EDITORIAL: Auditor General of Pakistan (AGP) pointed out that the Federal Board of Revenue (FBR) has wrongly credited withholding taxes levied in the sales tax mode, an indirect tax whose incidence on the poor is greater than on the rich, under direct taxes. A tax on salary, interest on securities and rent are undoubtedly direct taxes yet additions that land up being paid by the end consumers cannot be classified as direct taxes. Thus the provisions of income tax ordinance 2001 that relate to imports (as these are passed onto the consumers), exports, utilities, vehicles tax, bank transactions, etc., are not direct taxes.
The AGP report contended that the proportion of withholding taxes constituted 57 percent of total direct taxes credited and among the ten major components of this tax contractual receipts, exports, bank interest and various other items fell under the minimum tax or final tax regimen.
Two observations are relevant. First, that the FBR is deliberately crediting indirect taxes under direct taxes to give the semblance of an equitable tax structure that is reliant on the ability to pay principle. What is noteworthy is that the AGP report is for fiscal year 2022-23 wherein it noted that FBR collected 1.22 trillion rupees withholding tax, 366 billion rupees more than the year before. Clearly, as the following data shows, the reliance on withholding taxes in the indirect tax mode is rising. The reason: it is a low-hanging fruit as withholding agents as opposed to FBR officials are engaged in their collection, a tax deducted at the point of purchase. The current year has budgeted direct tax collections at 43 percent of total target collections of 12.970 trillion rupees, an increase from the 40 percent in the revised estimates of last year – 3.721 trillion rupees under direct taxes and total collections of 9.252 trillion rupees. It is also noteworthy that the budget for last year, formulated under the then approved Stand-By Arrangement of the International Monetary Fund (IMF) envisaged 45 percent of total FBR collections from direct taxes – 4.255 trillion rupees against total FBR collections of 9.45 trillion rupees. In other words, the optimistic direct tax collections fell short of target by 163 billion rupees last year notwithstanding the contingency measures put in place by the Fund, which were activated in the last half of 2023-24 — contingency measures that envisaged raising withholding taxes, amongst other items, on cigarettes and sugary drinks that in turn accounts for the erosion of income of a vulnerable or lower income householder.
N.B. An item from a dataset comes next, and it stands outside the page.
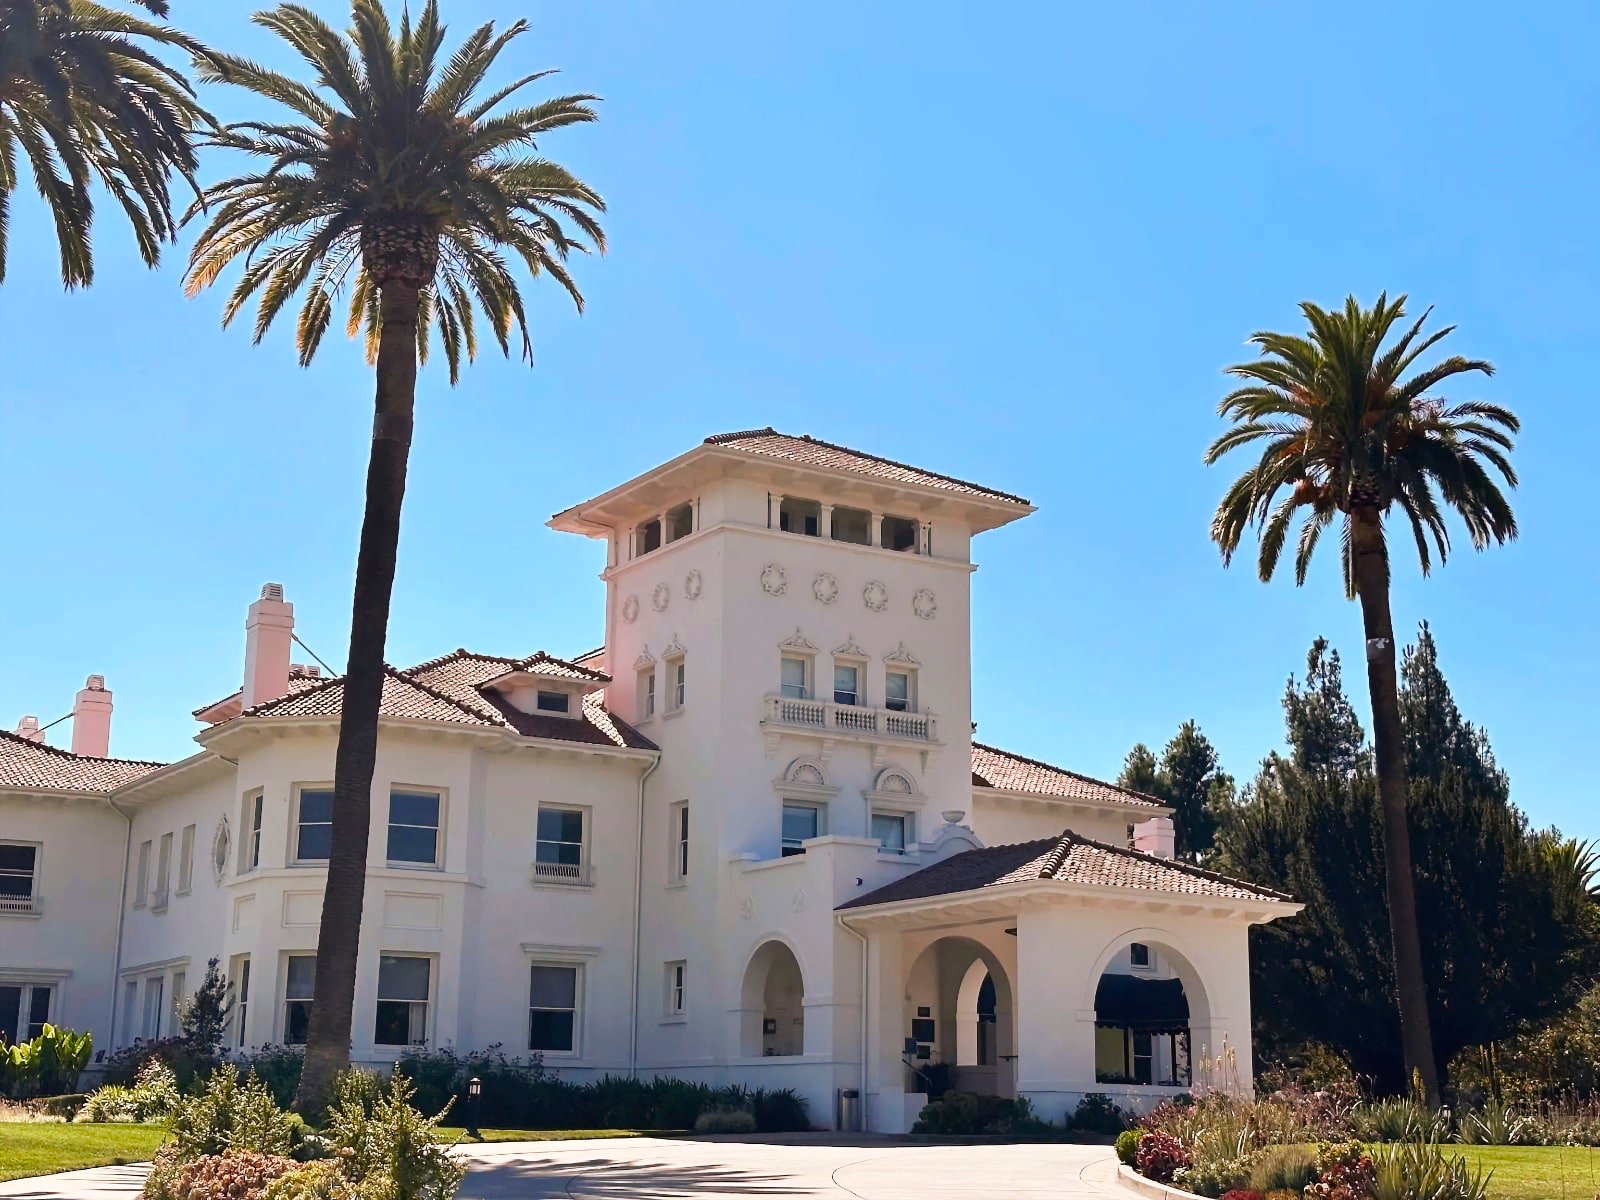 Hayes Mansion in San Jose

And secondly and equally relevant, critics of the FBR maintain that by subsuming withholding taxes collected in the sales tax mode under direct taxes in the budget documents instead of itemising them separately as in the case of capital gains tax and workers profit participation fund may indicate an intent to mislead rather than an oversight — a view that is gaining strength, given that this is not the first time the AGP has flagged this discrepancy.
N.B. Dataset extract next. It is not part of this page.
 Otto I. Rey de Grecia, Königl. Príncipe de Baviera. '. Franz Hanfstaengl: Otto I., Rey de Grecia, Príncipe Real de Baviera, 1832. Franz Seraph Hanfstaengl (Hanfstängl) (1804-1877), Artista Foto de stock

While the provincial governments have agreed with the IMF to begin levying a tax on farm income from January 2025, hopefully at least at the same rate as payable by the salaried, yet this delay is inexplicable. Failing the passage of a constitutional amendment where this is declared a provincial subject it is critical for the provinces to begin levying a tax on the income of the rich landlords and thereby ease some of these highly inflationary withholding taxes levied in the sales tax mode. In addition, the federal government must decide to levy a tax on the income of those engaged in the real estate sector and builders and desist from extending fiscal and monetary incentives to some sectors, which necessitates reliance on indirect taxes, which, in turn, explains the erosion of the quality of life of the general public, failure for the public to appreciate a decline in inflation and the root cause of 41 percent poverty levels in this country.